* Work to complete: The entries below hold a line with "I ain't got no right to judge someone." and a line with "MASS Espresso/Dk Brn Zip Up Ankle Boots". Return those lines and all that lie between them, exactly and only.

----- Data under study -----

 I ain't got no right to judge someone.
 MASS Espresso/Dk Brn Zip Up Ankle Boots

-----
----- Data under study -----

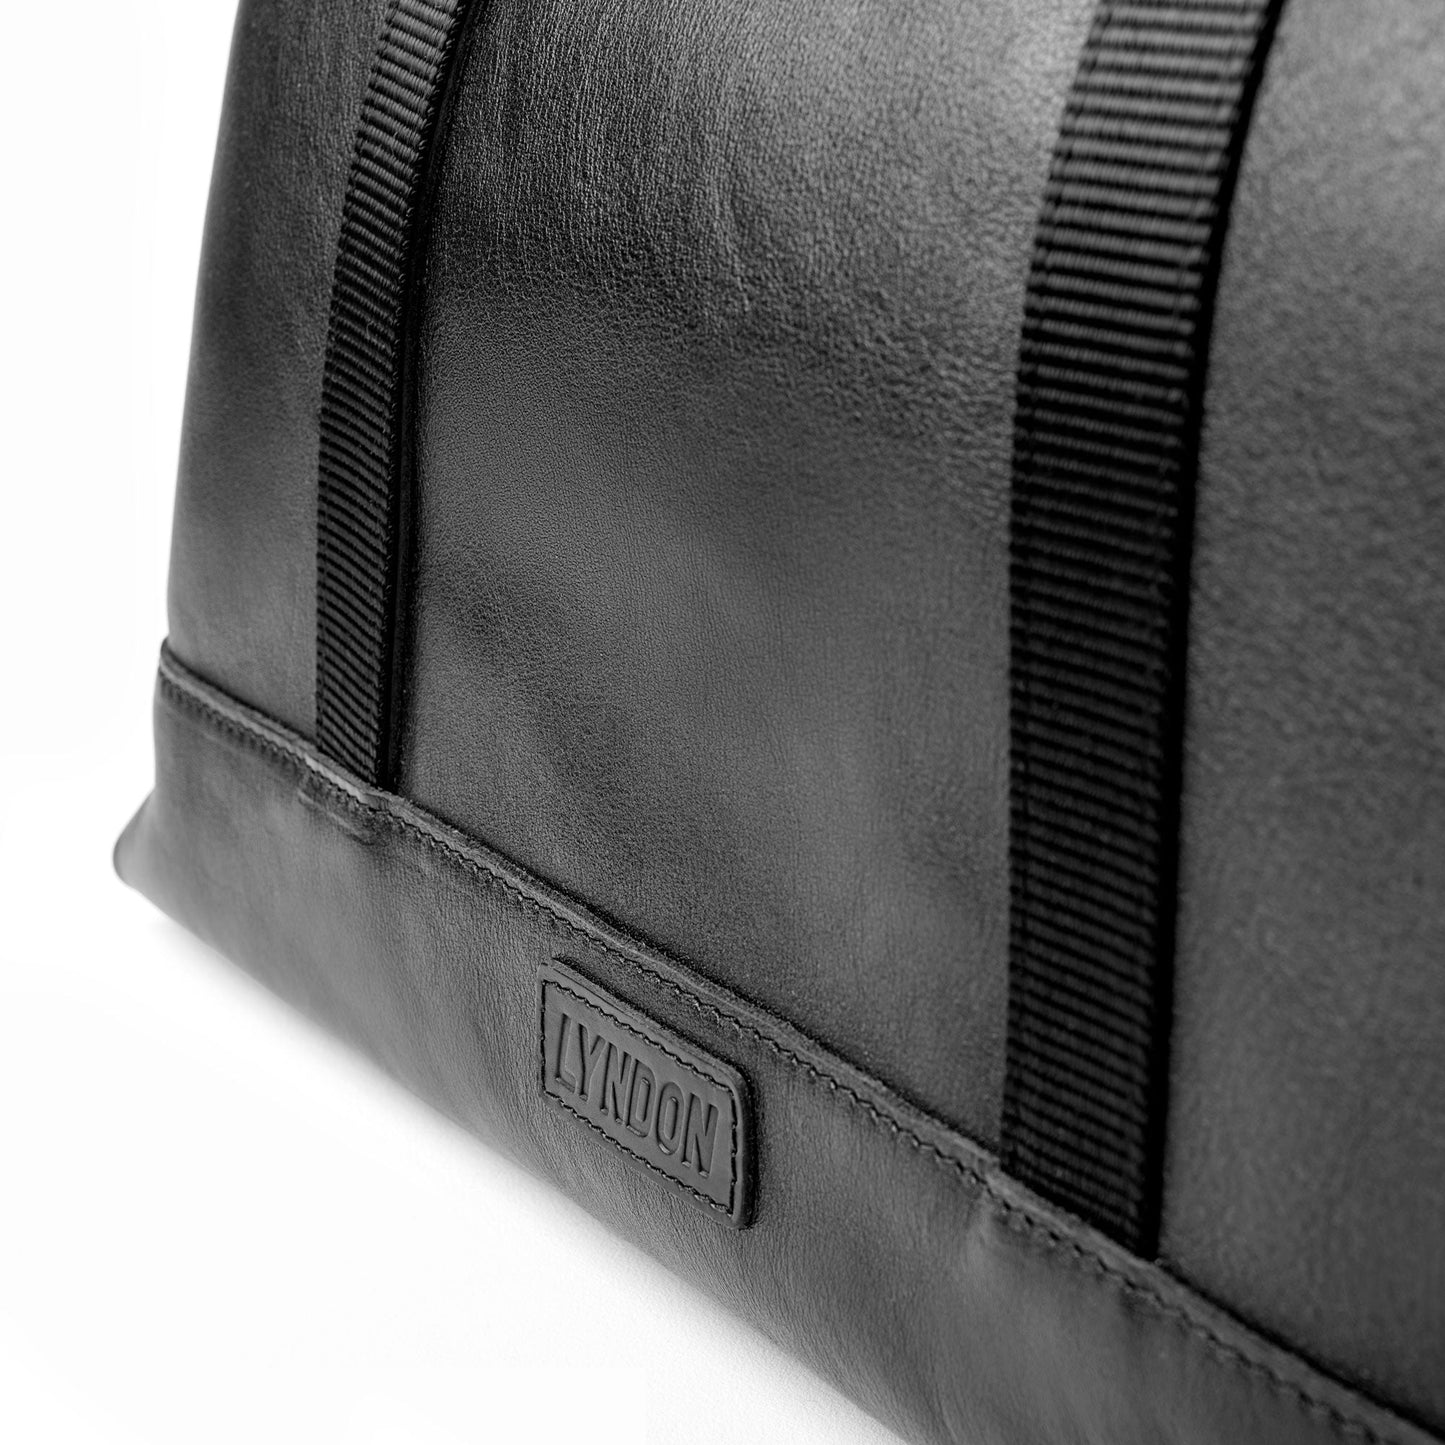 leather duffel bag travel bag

-----

* Task output:
 I ain't got no right to judge someone.
 MASS Espresso/Dk Brn Zip Up Ankle Boots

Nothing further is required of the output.